# [REQUIRED WORK]
Give the data a second time, exactly and in full.

[Extracted records]
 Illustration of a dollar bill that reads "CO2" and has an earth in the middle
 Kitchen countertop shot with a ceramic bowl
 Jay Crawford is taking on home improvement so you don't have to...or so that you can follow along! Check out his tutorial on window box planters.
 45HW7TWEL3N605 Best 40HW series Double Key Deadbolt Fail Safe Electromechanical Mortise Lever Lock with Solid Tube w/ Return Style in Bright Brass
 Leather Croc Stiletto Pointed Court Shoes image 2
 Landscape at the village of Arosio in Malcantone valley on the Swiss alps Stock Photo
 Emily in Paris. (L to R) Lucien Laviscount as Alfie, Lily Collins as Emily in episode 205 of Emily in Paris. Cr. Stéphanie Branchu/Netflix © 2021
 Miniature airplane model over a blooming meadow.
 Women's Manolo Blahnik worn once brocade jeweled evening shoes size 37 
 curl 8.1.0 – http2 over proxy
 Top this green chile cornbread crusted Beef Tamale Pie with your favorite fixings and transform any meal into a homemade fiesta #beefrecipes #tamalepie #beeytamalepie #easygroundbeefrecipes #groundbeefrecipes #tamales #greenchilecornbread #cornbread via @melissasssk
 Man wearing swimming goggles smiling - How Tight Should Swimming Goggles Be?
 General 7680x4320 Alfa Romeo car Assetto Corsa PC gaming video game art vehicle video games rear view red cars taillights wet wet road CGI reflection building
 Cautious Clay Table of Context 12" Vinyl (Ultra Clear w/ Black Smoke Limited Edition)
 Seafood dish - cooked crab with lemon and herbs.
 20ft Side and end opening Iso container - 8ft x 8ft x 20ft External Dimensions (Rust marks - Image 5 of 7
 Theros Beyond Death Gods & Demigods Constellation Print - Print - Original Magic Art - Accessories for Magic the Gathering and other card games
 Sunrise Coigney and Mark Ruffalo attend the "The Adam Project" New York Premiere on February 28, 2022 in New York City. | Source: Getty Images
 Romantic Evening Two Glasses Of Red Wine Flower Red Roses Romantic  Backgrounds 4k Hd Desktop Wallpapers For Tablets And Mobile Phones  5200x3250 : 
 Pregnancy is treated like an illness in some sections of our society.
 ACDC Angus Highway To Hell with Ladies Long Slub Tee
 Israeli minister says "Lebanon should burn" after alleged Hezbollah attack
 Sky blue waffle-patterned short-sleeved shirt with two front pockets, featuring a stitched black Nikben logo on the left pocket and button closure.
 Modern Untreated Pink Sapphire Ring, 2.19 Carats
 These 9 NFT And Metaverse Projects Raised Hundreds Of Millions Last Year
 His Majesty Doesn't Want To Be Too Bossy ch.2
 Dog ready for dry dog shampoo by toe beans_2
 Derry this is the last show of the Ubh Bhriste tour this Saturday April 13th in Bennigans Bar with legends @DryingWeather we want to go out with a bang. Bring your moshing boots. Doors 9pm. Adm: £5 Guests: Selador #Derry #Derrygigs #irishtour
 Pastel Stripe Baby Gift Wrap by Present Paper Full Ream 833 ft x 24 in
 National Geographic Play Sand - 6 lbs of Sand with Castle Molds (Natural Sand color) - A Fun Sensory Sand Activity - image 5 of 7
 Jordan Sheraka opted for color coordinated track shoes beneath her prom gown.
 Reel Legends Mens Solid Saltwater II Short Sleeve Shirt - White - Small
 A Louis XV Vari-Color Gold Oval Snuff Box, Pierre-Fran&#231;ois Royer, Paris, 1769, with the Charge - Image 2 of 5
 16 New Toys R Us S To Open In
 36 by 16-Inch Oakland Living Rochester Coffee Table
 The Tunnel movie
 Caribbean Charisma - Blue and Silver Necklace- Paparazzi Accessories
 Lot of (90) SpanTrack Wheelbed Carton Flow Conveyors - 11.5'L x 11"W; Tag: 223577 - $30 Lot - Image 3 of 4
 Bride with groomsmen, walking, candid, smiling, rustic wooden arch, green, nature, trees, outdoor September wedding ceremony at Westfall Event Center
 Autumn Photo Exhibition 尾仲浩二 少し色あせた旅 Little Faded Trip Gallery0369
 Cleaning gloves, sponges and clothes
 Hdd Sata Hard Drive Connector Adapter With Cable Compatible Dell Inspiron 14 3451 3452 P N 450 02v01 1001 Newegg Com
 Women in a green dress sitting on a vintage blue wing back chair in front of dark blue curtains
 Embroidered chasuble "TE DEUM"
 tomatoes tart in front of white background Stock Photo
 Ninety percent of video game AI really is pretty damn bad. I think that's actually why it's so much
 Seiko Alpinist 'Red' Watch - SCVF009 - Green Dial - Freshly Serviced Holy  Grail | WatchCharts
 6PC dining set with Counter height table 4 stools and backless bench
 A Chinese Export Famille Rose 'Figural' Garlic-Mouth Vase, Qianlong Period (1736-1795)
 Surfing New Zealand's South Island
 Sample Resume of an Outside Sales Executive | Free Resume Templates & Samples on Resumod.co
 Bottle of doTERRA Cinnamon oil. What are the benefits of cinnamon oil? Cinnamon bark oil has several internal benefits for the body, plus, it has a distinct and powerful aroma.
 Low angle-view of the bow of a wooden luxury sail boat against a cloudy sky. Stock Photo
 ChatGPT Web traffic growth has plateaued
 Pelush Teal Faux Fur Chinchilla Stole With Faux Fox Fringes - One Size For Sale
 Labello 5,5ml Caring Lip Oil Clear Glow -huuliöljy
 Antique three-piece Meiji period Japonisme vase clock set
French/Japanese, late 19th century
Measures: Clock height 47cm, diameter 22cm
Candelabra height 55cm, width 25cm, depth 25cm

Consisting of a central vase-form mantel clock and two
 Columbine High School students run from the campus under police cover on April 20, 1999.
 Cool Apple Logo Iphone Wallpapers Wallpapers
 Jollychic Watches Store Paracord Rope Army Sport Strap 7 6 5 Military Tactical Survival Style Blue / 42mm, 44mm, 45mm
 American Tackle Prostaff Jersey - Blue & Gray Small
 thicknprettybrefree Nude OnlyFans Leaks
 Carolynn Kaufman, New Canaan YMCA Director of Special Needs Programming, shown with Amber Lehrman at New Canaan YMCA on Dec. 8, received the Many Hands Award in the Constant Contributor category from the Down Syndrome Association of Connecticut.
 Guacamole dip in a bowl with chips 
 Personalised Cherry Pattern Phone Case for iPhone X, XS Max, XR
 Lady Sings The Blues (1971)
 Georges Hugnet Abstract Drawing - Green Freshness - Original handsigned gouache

# [THE ANSWER]
 Illustration of a dollar bill that reads "CO2" and has an earth in the middle
 Kitchen countertop shot with a ceramic bowl
 Jay Crawford is taking on home improvement so you don't have to...or so that you can follow along! Check out his tutorial on window box planters.
 45HW7TWEL3N605 Best 40HW series Double Key Deadbolt Fail Safe Electromechanical Mortise Lever Lock with Solid Tube w/ Return Style in Bright Brass
 Leather Croc Stiletto Pointed Court Shoes image 2
 Landscape at the village of Arosio in Malcantone valley on the Swiss alps Stock Photo
 Emily in Paris. (L to R) Lucien Laviscount as Alfie, Lily Collins as Emily in episode 205 of Emily in Paris. Cr. Stéphanie Branchu/Netflix © 2021
 Miniature airplane model over a blooming meadow.
 Women's Manolo Blahnik worn once brocade jeweled evening shoes size 37 
 curl 8.1.0 – http2 over proxy
 Top this green chile cornbread crusted Beef Tamale Pie with your favorite fixings and transform any meal into a homemade fiesta #beefrecipes #tamalepie #beeytamalepie #easygroundbeefrecipes #groundbeefrecipes #tamales #greenchilecornbread #cornbread via @melissasssk
 Man wearing swimming goggles smiling - How Tight Should Swimming Goggles Be?
 General 7680x4320 Alfa Romeo car Assetto Corsa PC gaming video game art vehicle video games rear view red cars taillights wet wet road CGI reflection building
 Cautious Clay Table of Context 12" Vinyl (Ultra Clear w/ Black Smoke Limited Edition)
 Seafood dish - cooked crab with lemon and herbs.
 20ft Side and end opening Iso container - 8ft x 8ft x 20ft External Dimensions (Rust marks - Image 5 of 7
 Theros Beyond Death Gods & Demigods Constellation Print - Print - Original Magic Art - Accessories for Magic the Gathering and other card games
 Sunrise Coigney and Mark Ruffalo attend the "The Adam Project" New York Premiere on February 28, 2022 in New York City. | Source: Getty Images
 Romantic Evening Two Glasses Of Red Wine Flower Red Roses Romantic  Backgrounds 4k Hd Desktop Wallpapers For Tablets And Mobile Phones  5200x3250 : 
 Pregnancy is treated like an illness in some sections of our society.
 ACDC Angus Highway To Hell with Ladies Long Slub Tee
 Israeli minister says "Lebanon should burn" after alleged Hezbollah attack
 Sky blue waffle-patterned short-sleeved shirt with two front pockets, featuring a stitched black Nikben logo on the left pocket and button closure.
 Modern Untreated Pink Sapphire Ring, 2.19 Carats
 These 9 NFT And Metaverse Projects Raised Hundreds Of Millions Last Year
 His Majesty Doesn't Want To Be Too Bossy ch.2
 Dog ready for dry dog shampoo by toe beans_2
 Derry this is the last show of the Ubh Bhriste tour this Saturday April 13th in Bennigans Bar with legends @DryingWeather we want to go out with a bang. Bring your moshing boots. Doors 9pm. Adm: £5 Guests: Selador #Derry #Derrygigs #irishtour
 Pastel Stripe Baby Gift Wrap by Present Paper Full Ream 833 ft x 24 in
 National Geographic Play Sand - 6 lbs of Sand with Castle Molds (Natural Sand color) - A Fun Sensory Sand Activity - image 5 of 7
 Jordan Sheraka opted for color coordinated track shoes beneath her prom gown.
 Reel Legends Mens Solid Saltwater II Short Sleeve Shirt - White - Small
 A Louis XV Vari-Color Gold Oval Snuff Box, Pierre-Fran&#231;ois Royer, Paris, 1769, with the Charge - Image 2 of 5
 16 New Toys R Us S To Open In
 36 by 16-Inch Oakland Living Rochester Coffee Table
 The Tunnel movie
 Caribbean Charisma - Blue and Silver Necklace- Paparazzi Accessories
 Lot of (90) SpanTrack Wheelbed Carton Flow Conveyors - 11.5'L x 11"W; Tag: 223577 - $30 Lot - Image 3 of 4
 Bride with groomsmen, walking, candid, smiling, rustic wooden arch, green, nature, trees, outdoor September wedding ceremony at Westfall Event Center
 Autumn Photo Exhibition 尾仲浩二 少し色あせた旅 Little Faded Trip Gallery0369
 Cleaning gloves, sponges and clothes
 Hdd Sata Hard Drive Connector Adapter With Cable Compatible Dell Inspiron 14 3451 3452 P N 450 02v01 1001 Newegg Com
 Women in a green dress sitting on a vintage blue wing back chair in front of dark blue curtains
 Embroidered chasuble "TE DEUM"
 tomatoes tart in front of white background Stock Photo
 Ninety percent of video game AI really is pretty damn bad. I think that's actually why it's so much
 Seiko Alpinist 'Red' Watch - SCVF009 - Green Dial - Freshly Serviced Holy  Grail | WatchCharts
 6PC dining set with Counter height table 4 stools and backless bench
 A Chinese Export Famille Rose 'Figural' Garlic-Mouth Vase, Qianlong Period (1736-1795)
 Surfing New Zealand's South Island
 Sample Resume of an Outside Sales Executive | Free Resume Templates & Samples on Resumod.co
 Bottle of doTERRA Cinnamon oil. What are the benefits of cinnamon oil? Cinnamon bark oil has several internal benefits for the body, plus, it has a distinct and powerful aroma.
 Low angle-view of the bow of a wooden luxury sail boat against a cloudy sky. Stock Photo
 ChatGPT Web traffic growth has plateaued
 Pelush Teal Faux Fur Chinchilla Stole With Faux Fox Fringes - One Size For Sale
 Labello 5,5ml Caring Lip Oil Clear Glow -huuliöljy
 Antique three-piece Meiji period Japonisme vase clock set
French/Japanese, late 19th century
Measures: Clock height 47cm, diameter 22cm
Candelabra height 55cm, width 25cm, depth 25cm

Consisting of a central vase-form mantel clock and two
 Columbine High School students run from the campus under police cover on April 20, 1999.
 Cool Apple Logo Iphone Wallpapers Wallpapers
 Jollychic Watches Store Paracord Rope Army Sport Strap 7 6 5 Military Tactical Survival Style Blue / 42mm, 44mm, 45mm
 American Tackle Prostaff Jersey - Blue & Gray Small
 thicknprettybrefree Nude OnlyFans Leaks
 Carolynn Kaufman, New Canaan YMCA Director of Special Needs Programming, shown with Amber Lehrman at New Canaan YMCA on Dec. 8, received the Many Hands Award in the Constant Contributor category from the Down Syndrome Association of Connecticut.
 Guacamole dip in a bowl with chips 
 Personalised Cherry Pattern Phone Case for iPhone X, XS Max, XR
 Lady Sings The Blues (1971)
 Georges Hugnet Abstract Drawing - Green Freshness - Original handsigned gouache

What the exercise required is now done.